T-shirt: Pozerki, Leggings: Calzedonia, Jumper: Zara
świetny pomysł!
OdpowiedzUsuńsama bym tego raczej nie zrobiła :(
http://rozaliafashion.blogspot.com/2013/12/karen-dress.html
fajne:)
OdpowiedzUsuńFajnie! :)))
OdpowiedzUsuńMarzą mi się od dawna :)
OdpowiedzUsuńsuper są te kule ♥
OdpowiedzUsuńna pewno pięknie ocieplają wnętrze i to zdecydowanie nie tylko na święta :)
super pomysł
OdpowiedzUsuńSuper efekt, też mi się bardzo podobają. Ja mam marną namiastkę cotton balls z Ikei, póki co musi mi wystarczyć :(
OdpowiedzUsuńI ja mam ochotę na te światełka, są świetne! :)
OdpowiedzUsuńZainteresuję się! Wyglądają bardzo kusząco :).
OdpowiedzUsuńRównież życzę spokojnego i udanego weekendu :)
OdpowiedzUsuńPięknie prezentuje się efekt kulowych lampek. Rewelacja!
OdpowiedzUsuńŚliczne są te kule, chciałabym taki zestawik :)

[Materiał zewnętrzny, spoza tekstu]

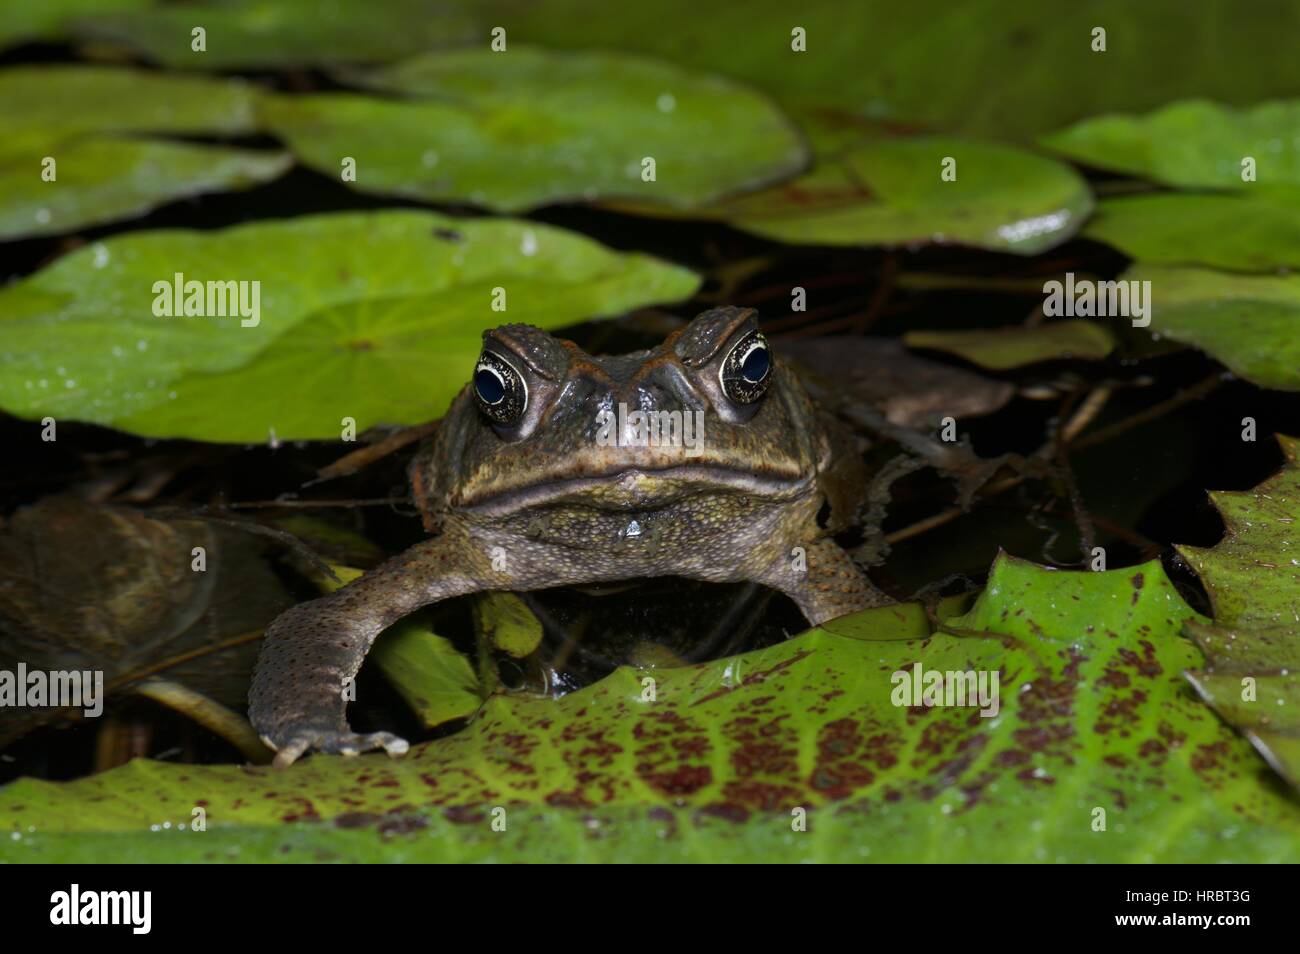 A Cane Toad (Rhinella marina) floating in a pond with lily pads in El Valle de Antón, Coclé, Panama Stock Photo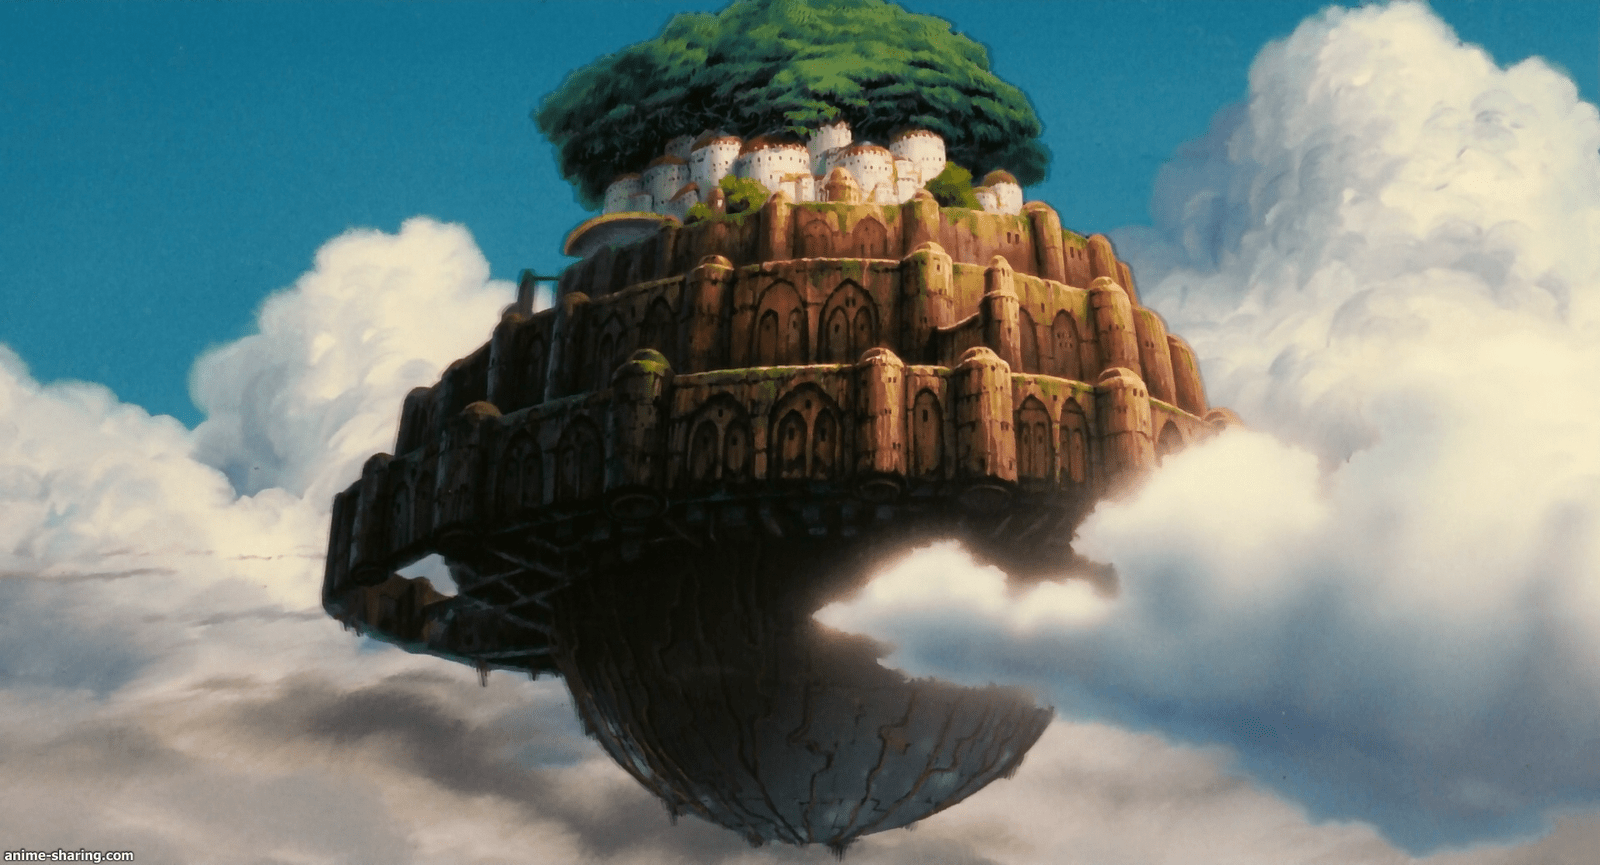 CASTLE IN THE SKY – THE ORIGIN OF THE STORY

OdpowiedzUsuńmarzę o Cotton Balls'ach... wyglądają fantastycznie - ja chciałabym te we fioletach.
OdpowiedzUsuńPiękny efekt, no i w ogóle świetny pomysł :)
OdpowiedzUsuńfajne te cotton balls, chyba sobie sprawie coś takiego, bo nadają świetnego klimatu.
OdpowiedzUsuńwyglądają bardzo ładnie :)
OdpowiedzUsuńJa mam upatrzone te w kolorach nieba :)
OdpowiedzUsuńPiękne, musi to genialnie wyglądać :)
OdpowiedzUsuńcudownie to wygląda
OdpowiedzUsuńŚwietny pomysł :) Piękne są :)
OdpowiedzUsuńo matko! jakie cudowne ! ;)
OdpowiedzUsuńGenialne! :)
OdpowiedzUsuńcudowne! wspaniale się prezentują!
OdpowiedzUsuńgenialne zdjecia :))) +swietny blog, zapraszam do mnie :*
OdpowiedzUsuńA ja zrobiłam sobie coś podobnego,ale sama.Wprawdzie daleko im do Cotton Ball,ale ich koszt wyniósł mnie około 20 zł:)
OdpowiedzUsuńhttp://instagram.com/p/h9BI2IzIDm/
Piękne światło dają :) Super t-shirt :)
OdpowiedzUsuńbardzo fajny efekt ;-) super wykonanie :))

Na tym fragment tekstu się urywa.